• **HOW TO COMPLETE THIS TASK**
Apart from the pictures, reproduce the data below exactly as it stands.

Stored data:
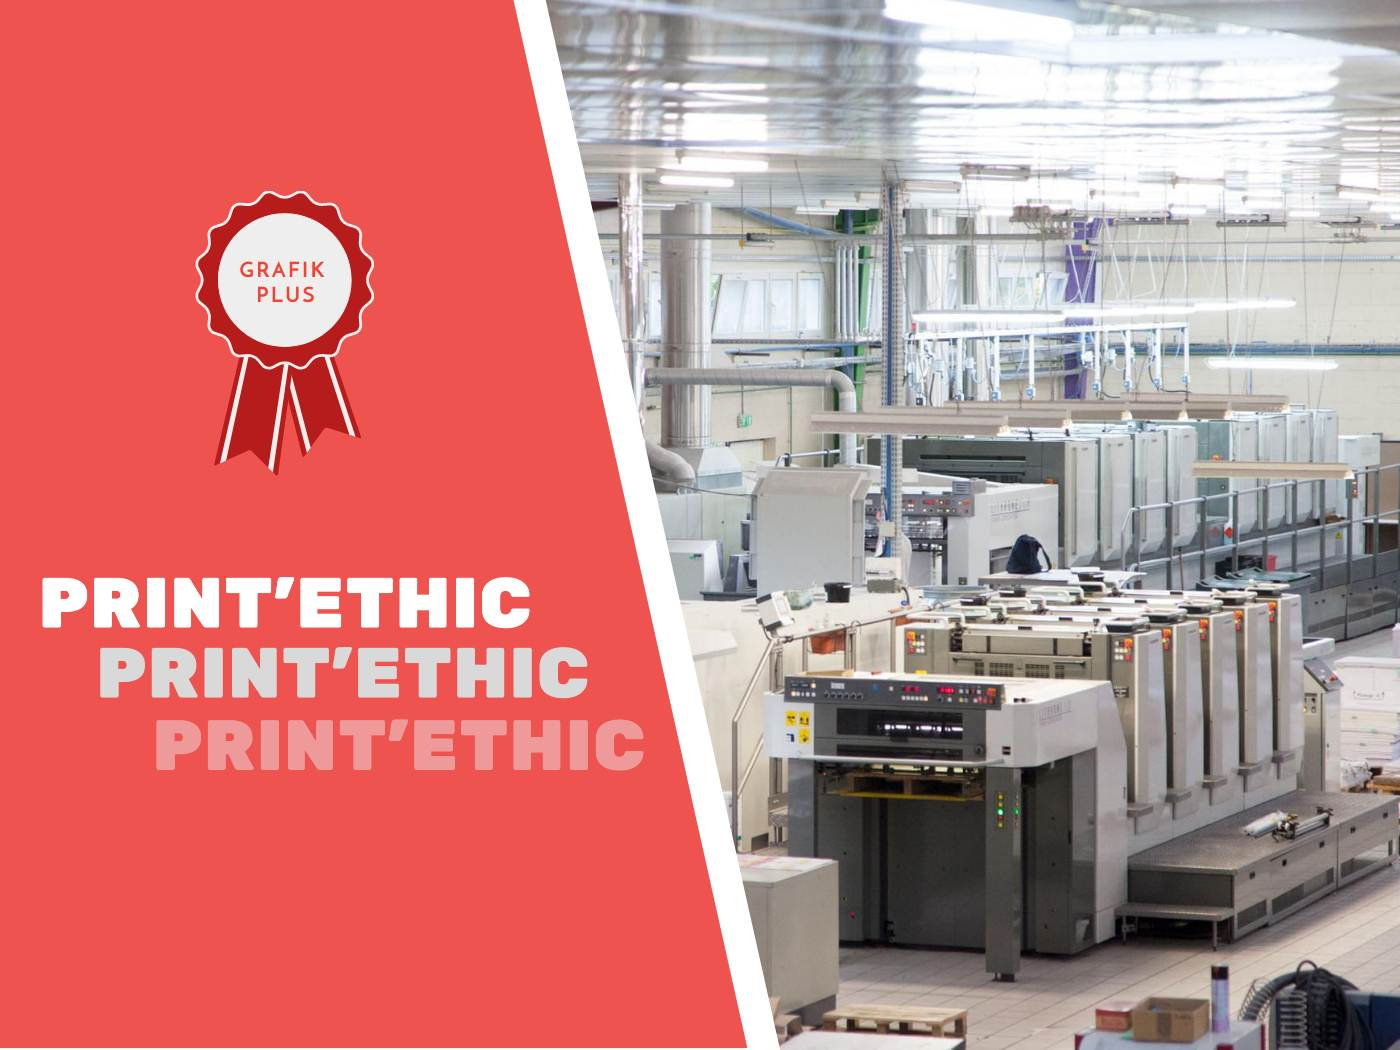 grafik-plus-imprimerie-RSE-print-ethic-paris
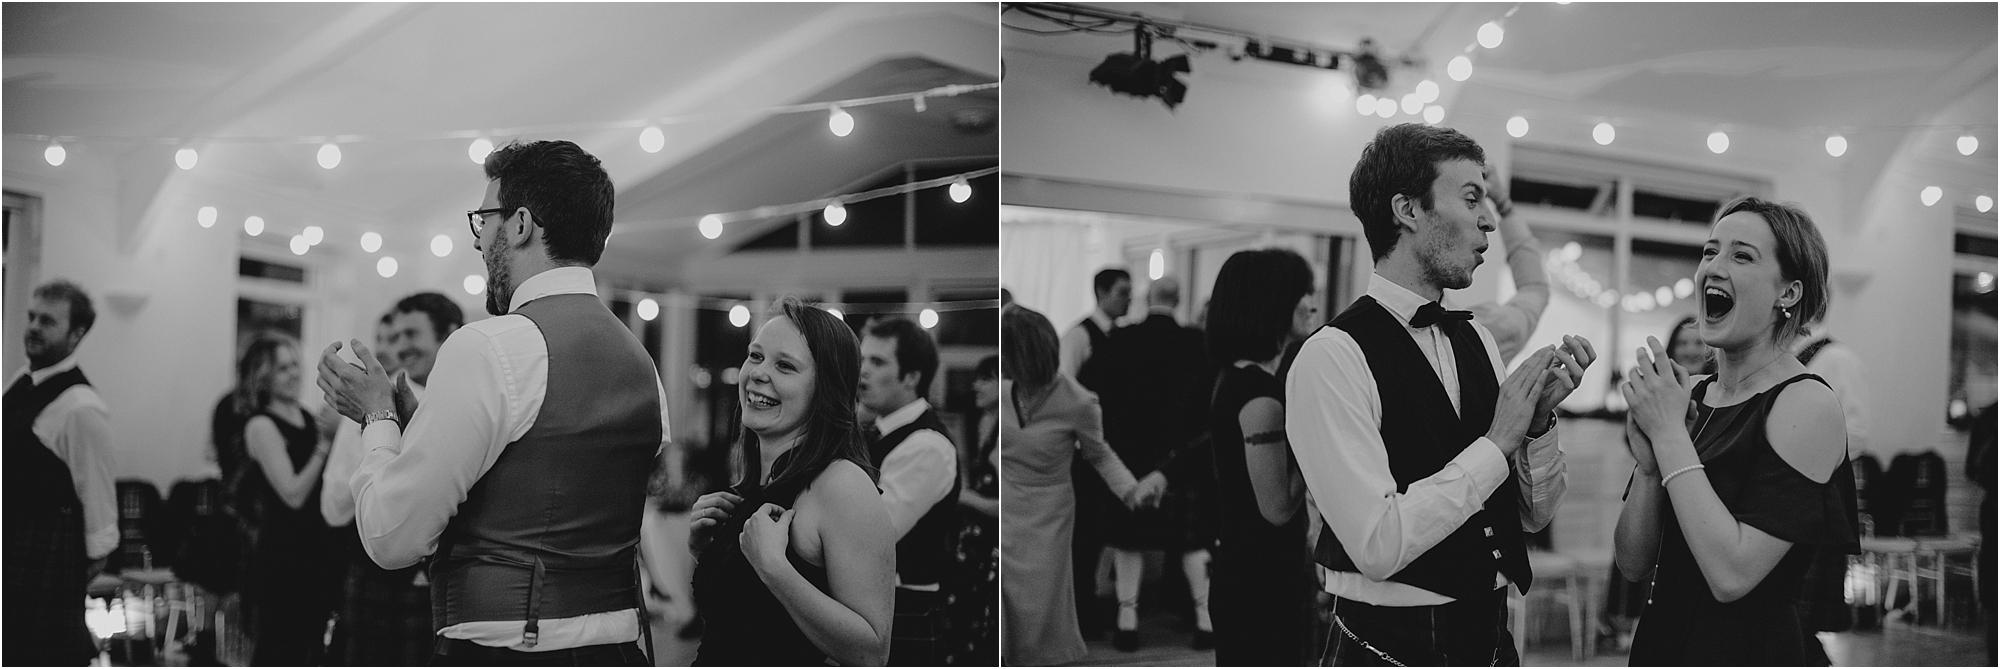 Kinlochard-village-hall-scottish-wedding-claire-fleck-photography__0119.jpg
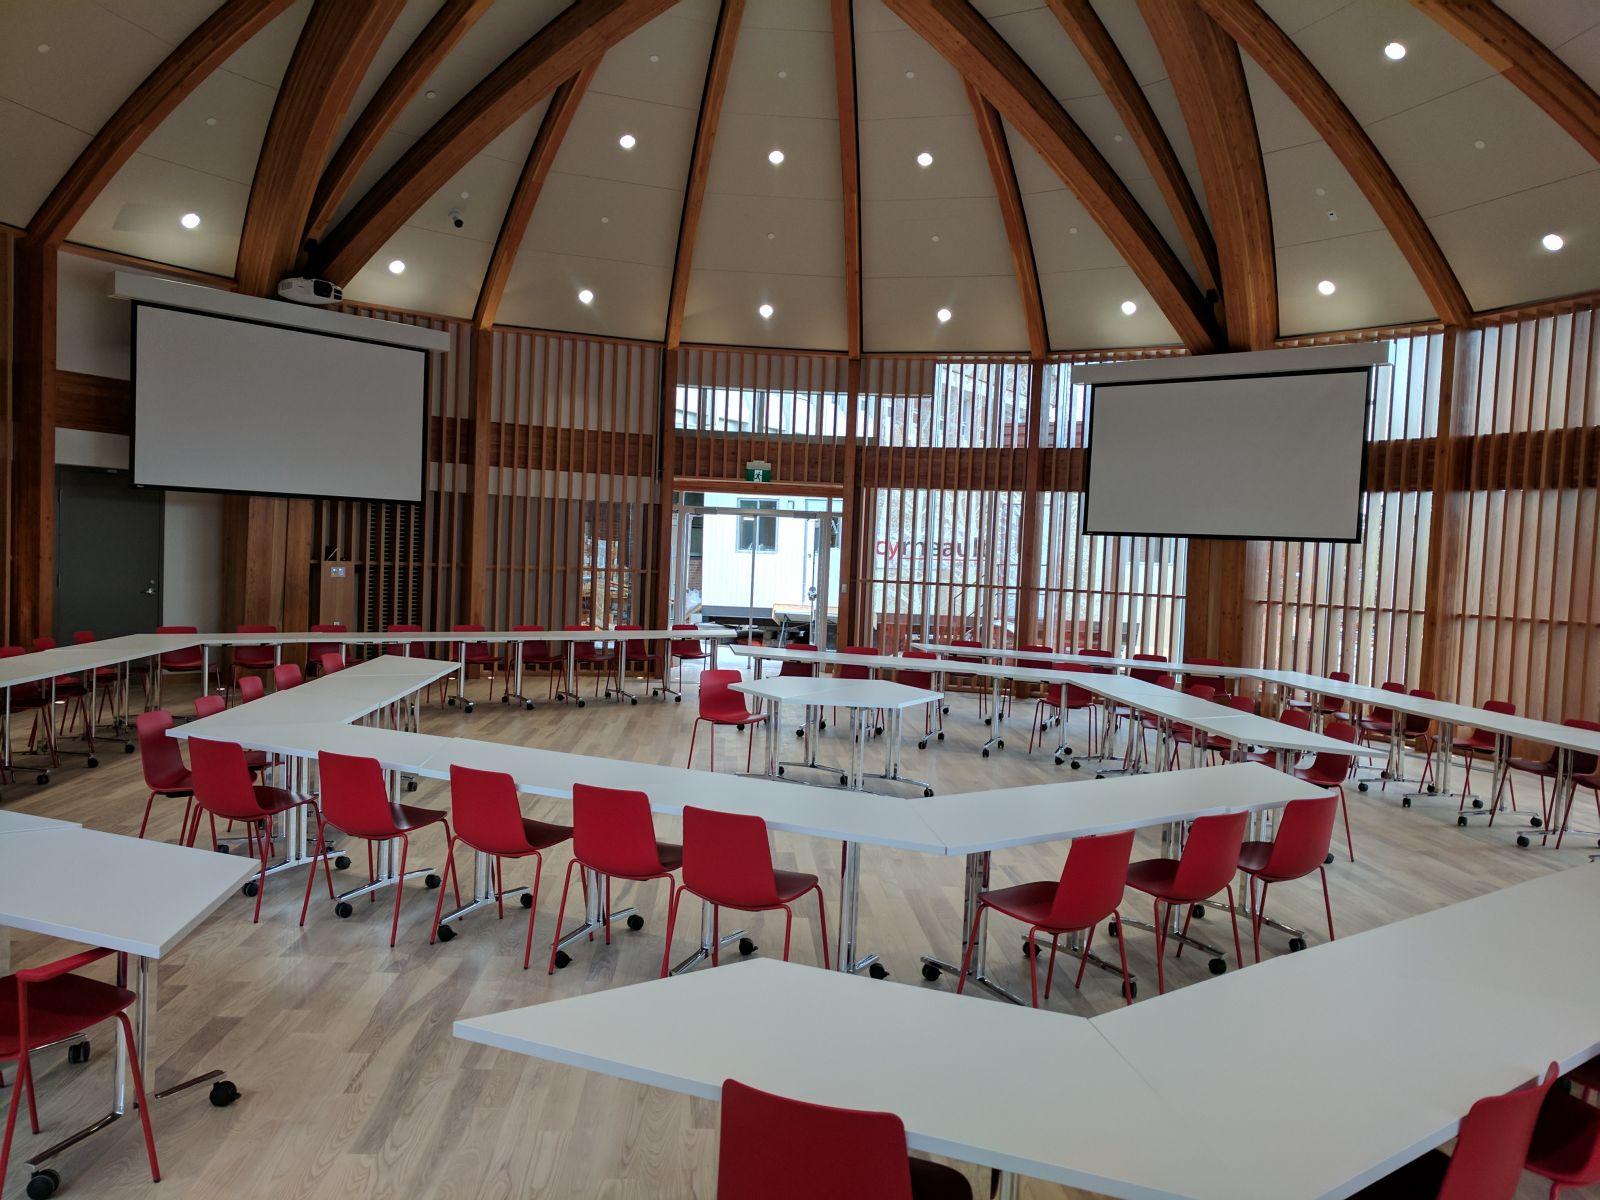 ISLC Round Room
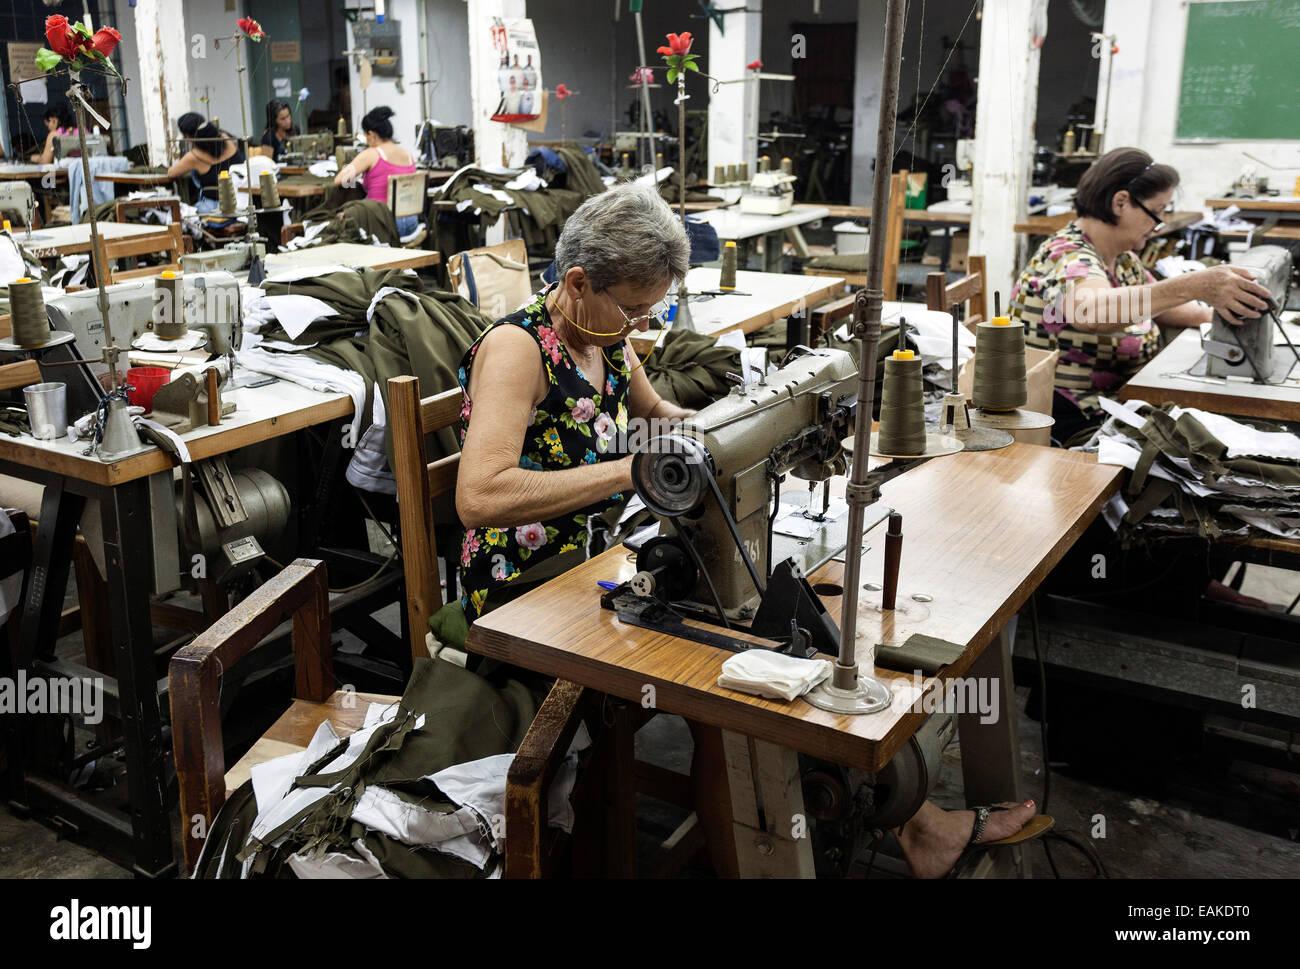 Seamstresses in a clothing factory, Viñales, Cuba - Stock Image
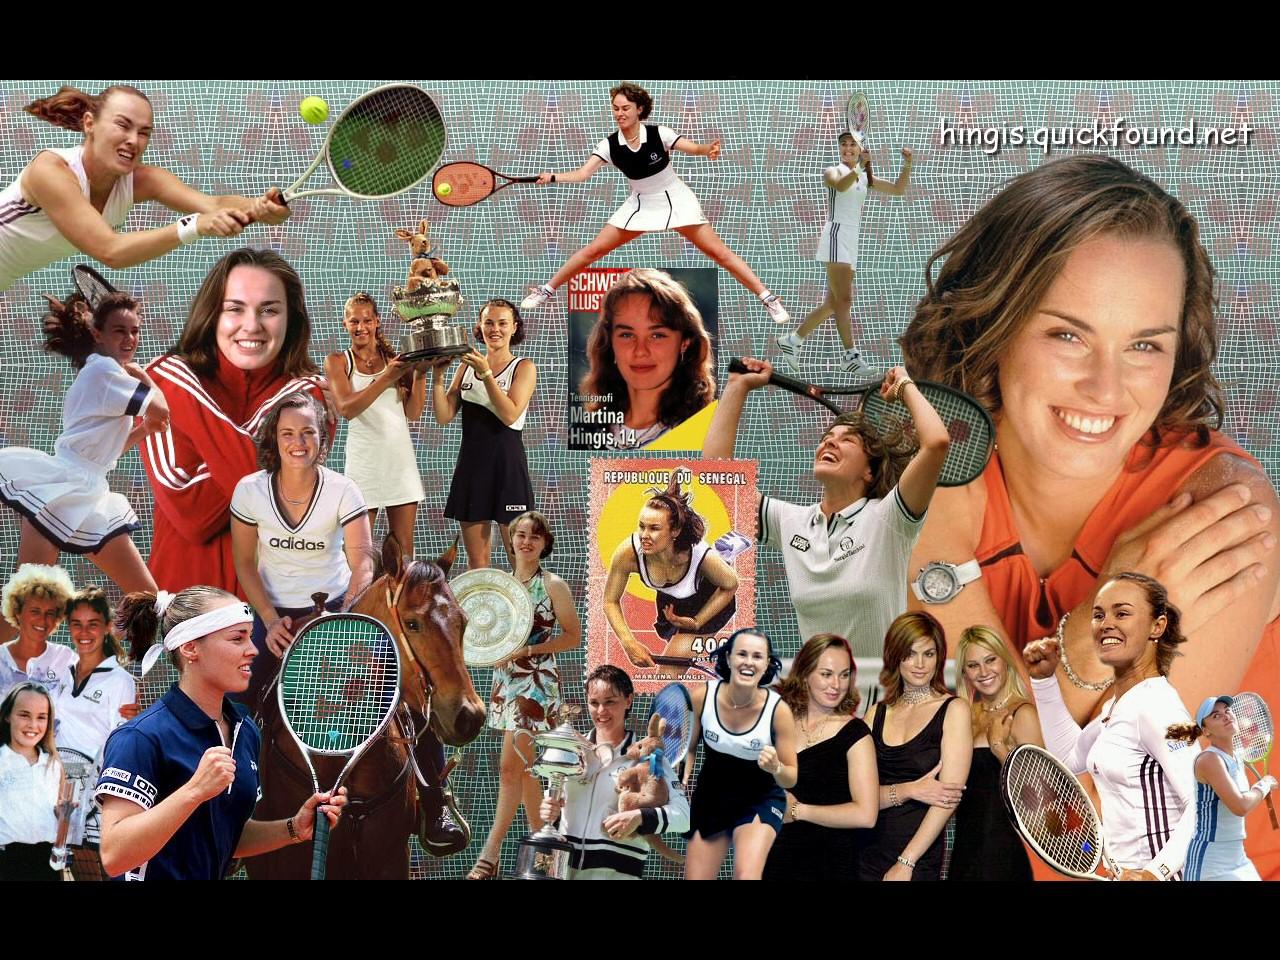 Martina Hingis Wallpaper QuickSports 1280x960

• **RESULT BELOW**
 grafik-plus-imprimerie-RSE-print-ethic-paris
 Kinlochard-village-hall-scottish-wedding-claire-fleck-photography__0119.jpg
 ISLC Round Room
 Seamstresses in a clothing factory, Viñales, Cuba - Stock Image
 Martina Hingis Wallpaper QuickSports 1280x960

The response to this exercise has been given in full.